The satire heard ’round the world discussed at CU
While the Conference on World Affairs may not be here until April, CWA organizers have already begun a series of lectures at CU.
Israeli journalist Stuart Schoffman gave CU’s student community a lecture on perceived prejudice in the movie “Borat: Cultural Learnings of America for Make Benefit Glorious Nation of Kazakhstan” Wednesday evening at the UMC.
“Sacha Baron Cohen is an equal-opportunity mocker of all prejudices and pretensions,” Schoffman said. “He’s playing in on the natural tendency of western, especially American, audiences already possessing condescension of a third world society.”
The lecture, entitled “Prejudice and Political Correctness in the Age of Borat,” was the fourth of five events in the Conference on World Affairs Athenaeum Lecture Series. The series preludes the Conference on World Affairs, a weeklong event scheduled for April.
Schoffman began his discussion on the topic by showing three clips of the movie. The audience, mostly students and numbering well over 100, rippled with amusement at the scenes.
Schoffman, who has lived in Jerusalem for the past 20 years, impersonated Sacha Baron Cohen’s “Borat” voice to perfection, garnering laughs from the audience.
Schoffman went on to explain that the anti-Semitic, over-the-top references that saturate the movie are simply satirical.
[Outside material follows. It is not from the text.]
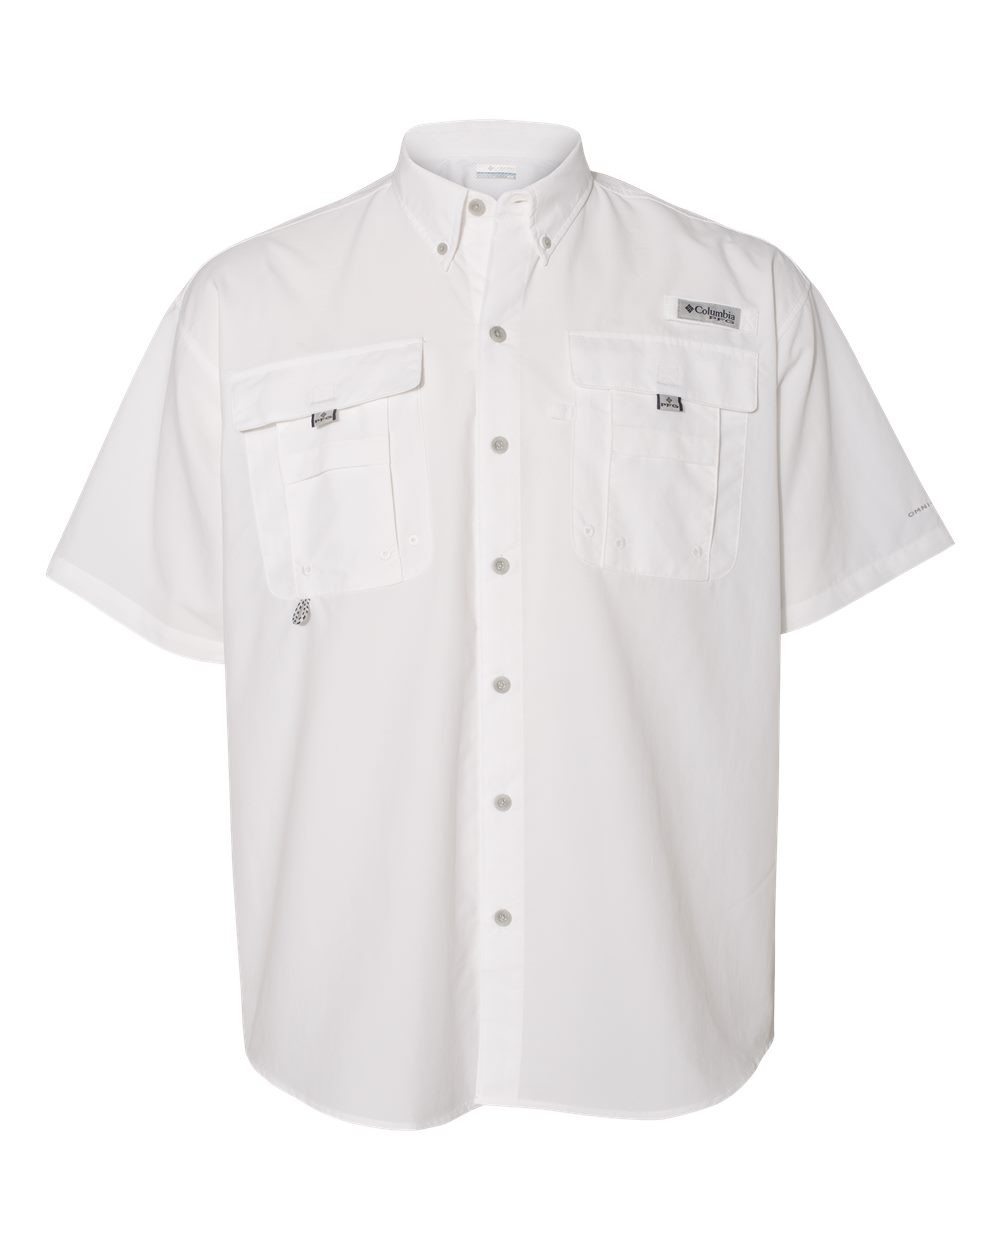 PFG Bahama™ II Short Sleeve Shirt-Columbia

“I don’t think the movie is about smoking out anti-Semitism in America,” he said. “There is a degree of tolerance for entertaining this guy. It is asking viewers: what are your own limits of political correctness?”
Charles Ryder, a senior majoring in anthropology and English, served as a student Athenaeum fellow and helped organize the event.
“Schoffman spoke to why people enjoyed ‘Borat,'” Ryder said. “He pulls out the underlying meanings, and why the film is actually funny.”
Ramsay Thurber, assistant director of public affairs for CWA, said he appreciates the hard work of student volunteers such as Ryder.
“The thing that is so different about the conference and Athenaeum is it is all about pushing the students forward,” Thurber said. “Our students are involved in every aspect: recruiting, coordinating, housing and travel of the guests.”